2. So it ought to say the predicate ‘true’ doesn’t express a property.
3. The claim that ‘true’ doesn’t express a property is a central commitment of minimalism about truth.
So, nonfactualism implies minimalism about truth.
In ‘the Status of Content’ to get from “the predicate ‘x has truth condition p’ does not express a property” to ” ‘x is true’ does not express a property”, he goes this way:
The truth value of a sentence is fully determined by its truth condition and the relevant worldly facts. There is no way, then, that a sentence’s possessing a truth value could be a thoroughly factual matter (“true” does express a property) if there is nonfactuality in one of its determinants (“has truth condition p” does not express a property (1990: 175)

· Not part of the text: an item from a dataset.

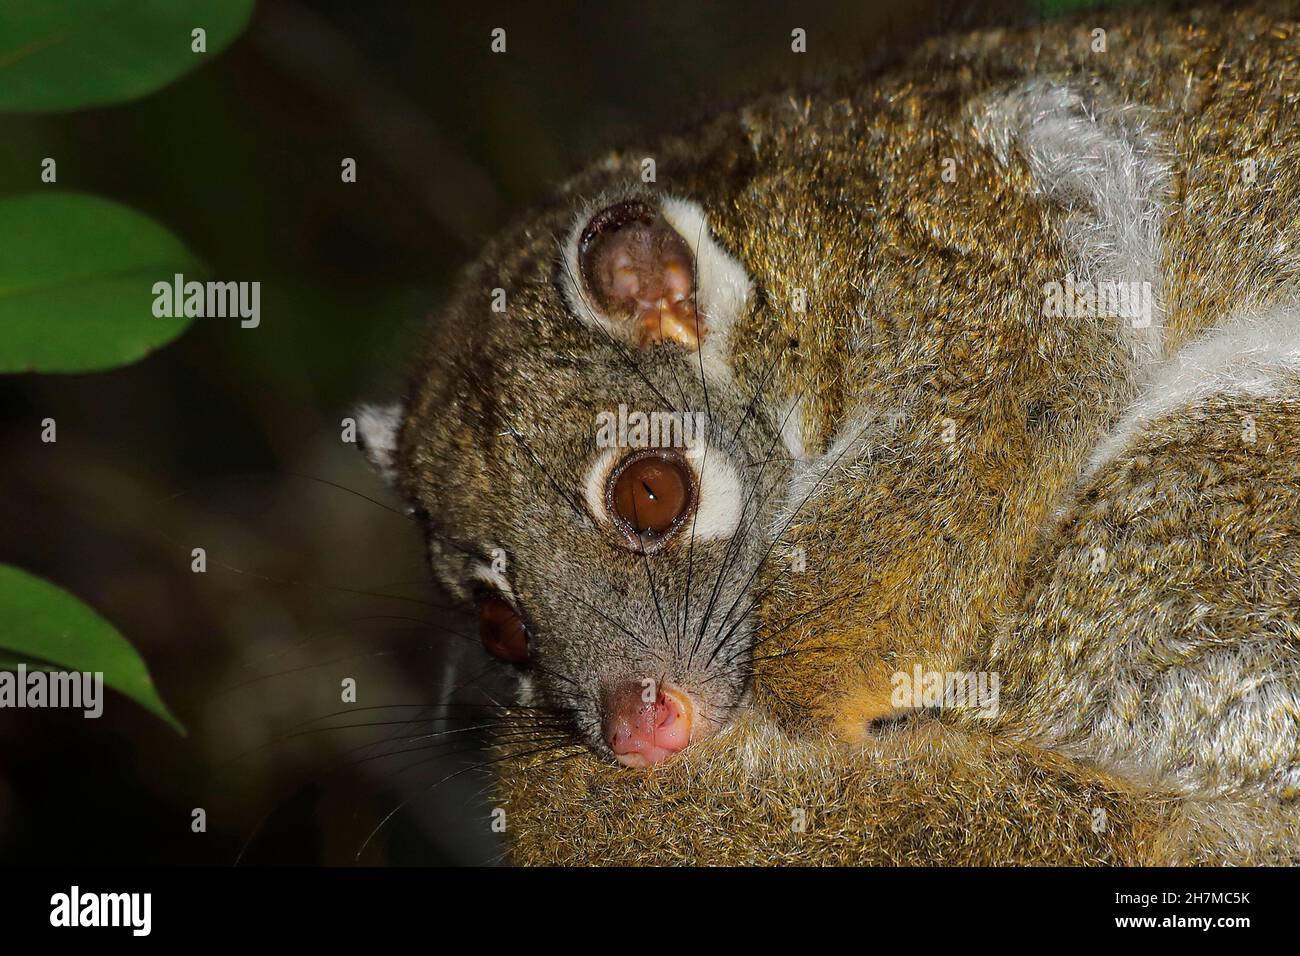 Green ringtail possum (Pseudochirops archeri) head of a possum resting in a tree at night showing the large eyes for its nocturnal lifestyle and the w Stock Photo

Isn’t there a hint of use/mention looseness in this passage? Going by the first sentence of the passage it is the truth-condition that matters for the truth value, not the predicate ‘has a truth condition’, but ignore this. ( I suppose the implicit idea is that the predicate would fail to express the property only if the property didn’t exist…. but that is not scepticism. Kripke never denies that addition and quaddition and the other functions exist, only that we have words and concepts to express them)
My worry about this passage is that the first sentence seems to buy in to the truth-conditional picture that the sceptic rejects. The sceptic is supposed to reject the whole picture of sentences having truth conditions. If you reject talk of truth conditions, you likely reject the lore associated with them. If the sceptic says sentences don’t have truth values, where does the argument go from there? Why can’t the sceptic claim that truth is a property of other things besides sentences (propositions say)? For the sake of argument, assume the sceptic says the following about truth: Propositions are sets of possible worlds and a proposition is true if and only if the actual world is a member of the set of worlds that constitutes the proposition. So the truth of a proposition consists in having the actual world as a member. This doctrine seems open to the sceptic. It has nothing particular to do with language. There would still have been set of possible worlds even if intelligent life hadn’t evolved.

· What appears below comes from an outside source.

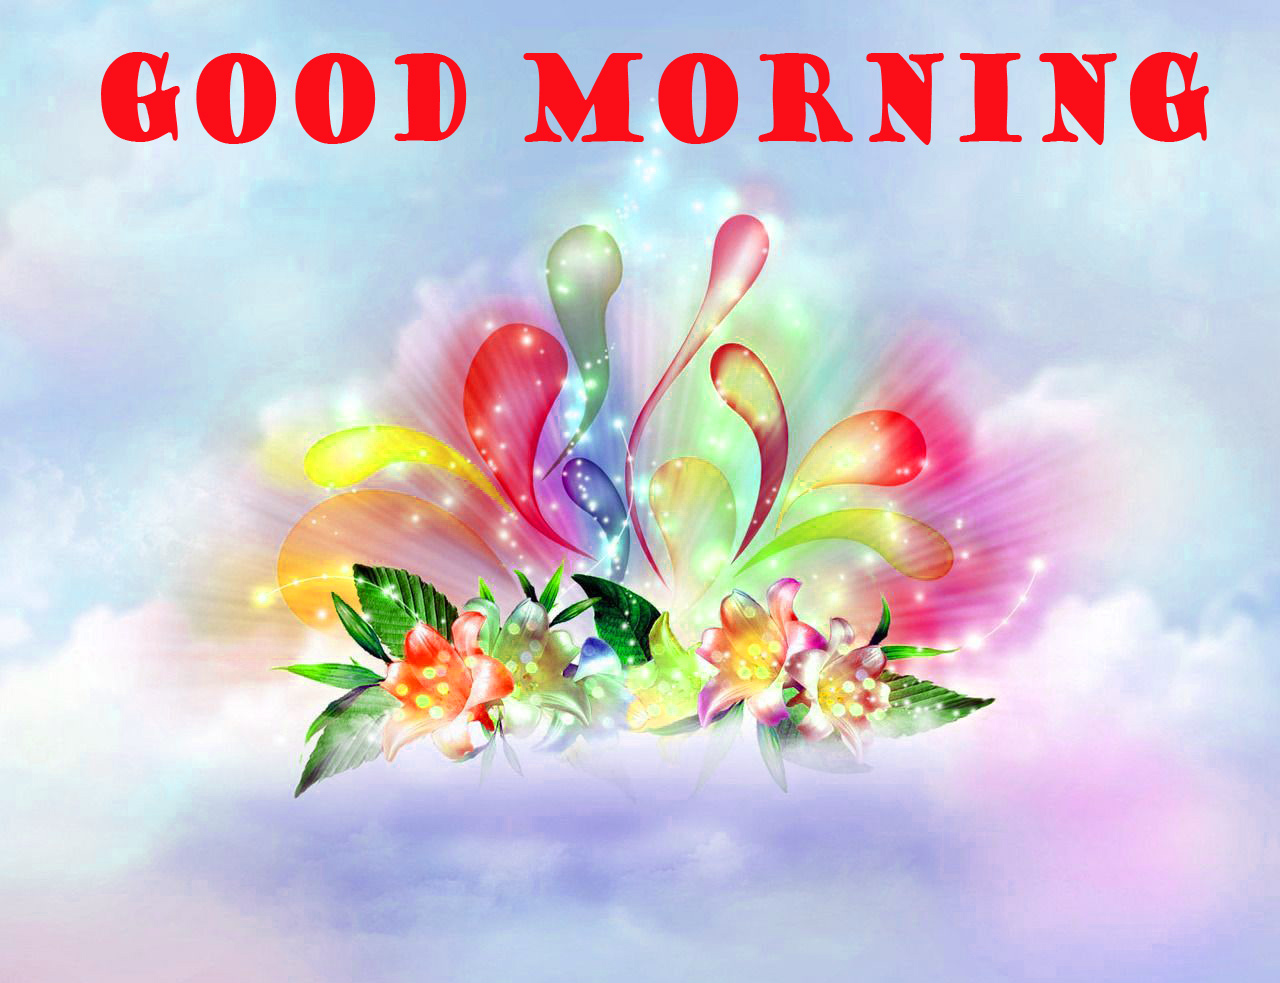 Good Morning New Images Hd - 1280x983 Wallpaper

The equivalent passage in the Rule-Following Considerations paper is:
Since the truth condition of any sentence S is (in part, anyway) a function of its meaning, a non-factualism about meaning will enjoin a non-factualism about truth conditions: what truth conditions S possesses could hardly be a factual matter if that in virtue of which it has a particular truth-condition is not itself a factual matter (1989: §15).
It is the same move.
I think my argument above is more direct. Nonfactualism says predicates don’t express properties. ‘True’ is a predicate. So the nonfactualist is committed to the claim that ‘true’ doesn’t express a property. This is minimalism about truth.
My worry about this argument is the status of the definitional connection between minimalism about truth and the denial that ‘true’ expresses a property in the context of scepticism. With scepticism about meaning in the picture, we ought to separate out elements of the minimalist thesis. The core element is the denial that truth is a substantive property. This is set alongside a view about what the predicate ‘true’ does given that it doesn’t express a property. The second thesis in the absence of the first would not count as minimalism about truth. Nonfactualism about meaning, if combined with the toy theory of truth described earlier, accepts the second thesis but rejects the first (or at least accepts the denial that the predicate expresses the property without denying that there is a property (of having the actual world as a member)).
Boghossian seems much too quick in ‘the Status of Content’. He equates ”true’ does not refer to a property’ with the denial that truth is a genuine property (1990: 175). And the toy theory would appear to be a counter-example to that move.